Relationship between target flag
and car type
- sports cars are at a high risk of being involved in car accidents
distribution of target by education
- the greatest proportion of those involved in accidents were students in high school
Relationship between target flag and job
- blue collar guys are more prone to accidents
Distribution of numeric variables
- the following are density plots for variables that have been log transformed
numeric_vars <- out_new |>
select_if(is.numeric) |>
select(-index) |>
mutate(target_flag=factor(target_flag,levels=c("0","1"))) |>
pivot_longer(!target_flag, names_to = "metric", values_to = "value")
# Density plot
numeric_vars %>%
ggplot(mapping = aes(x = value, color = target_flag)) +
geom_density() +
scale_x_log10() +
labs(color = "") +
theme(legend.position = "top") +
facet_wrap(~ metric, scales = "free")
# Use ROc_AUC to determine how well each numeric predictor
# would sway opinions
numeric_vars %>%
group_by(metric) %>%
roc_auc(target_flag, value, event_level = "second") %>%
mutate(metric = fct_reorder(metric, .estimate)) %>%
ggplot(mapping = aes(x = .estimate, y = metric)) +
geom_point() +
geom_vline(aes(xintercept = .5)) +
labs(
x = "AUC estimates of crashing",
title = "How predictive is each numeric predictor by itself?",
subtitle = ">.5 means positively influences crashing and <.5 means negatively influences crashing"
)
-
MVR_PTS
is greater than .5 hence if you get lots of traffic tickets you tend to get into more crashes -
TRAVTIME
is greater than .5 hence long drives to work usually suggest greater risk -
OLD CLAIM
is greater tha .5 suggesting also that if your total payout over the past five years was high ,this suggests future payouts will be high -
claim_freq
is greater than .5 also suggesting that the more claims you filled in the past the more you are likely to file in the future
Modeling
Specifying a Xgboost model
# Stratified split based on opinion ban
auto_split<-out_new |>
mutate(target_flag=as.factor(target_flag))|>
initial_split(strata = target_flag, prop = 0.7)

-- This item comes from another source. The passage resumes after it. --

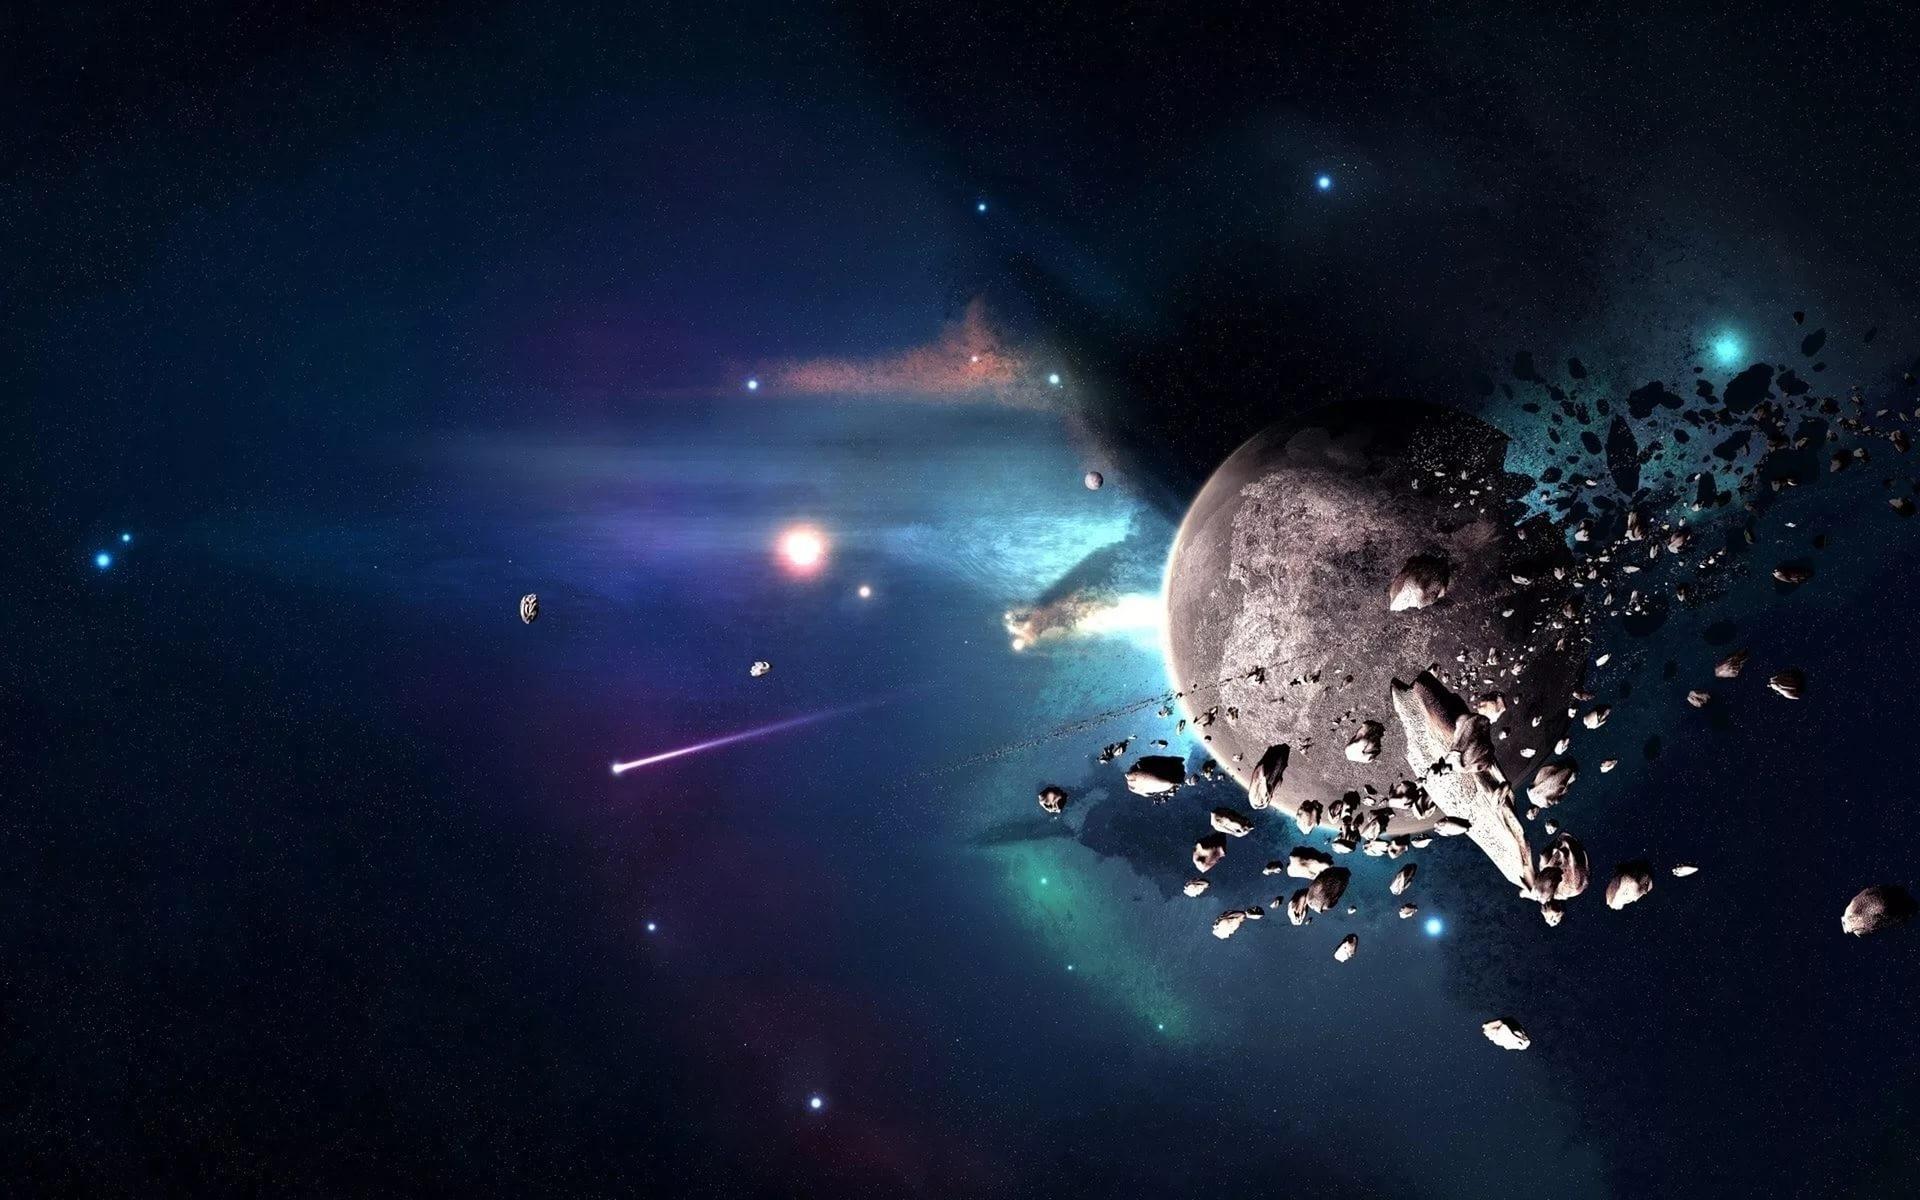 Сразу два НЛО попали вобъектив камеры МКС

# Obtain train and test sets
train <- training(auto_split)
test <- testing(auto_split)
# Print out observations in each category
glue(
'The training set has {nrow(train)} observations \n',
'The testing set has {nrow(test)} observations'
)
#> The training set has 5712 observations
#> The testing set has 2449 observations
10 Fold cross validation
train_folds <- vfold_cv(data = train, v = 10)
feature engineering entails reformatting predictor values to make them easier for a model to use effectively. The following transformation steps will be done before refining the model further down the line:
prep_juice <- function(recipe){
recipe |>
prep() |>
juice()
}
# Data preprocessing with recipes
boost_recipe <- recipe(target_flag ~., data=train) |>
step_select(!target_amt) |>
step_impute_bag(all_numeric_predictors())|>#impute numerical data
step_impute_mode(all_nominal_predictors())|>#impute nominal data
step_YeoJohnson(all_numeric_predictors())|># approximate near normal distributions (optional here)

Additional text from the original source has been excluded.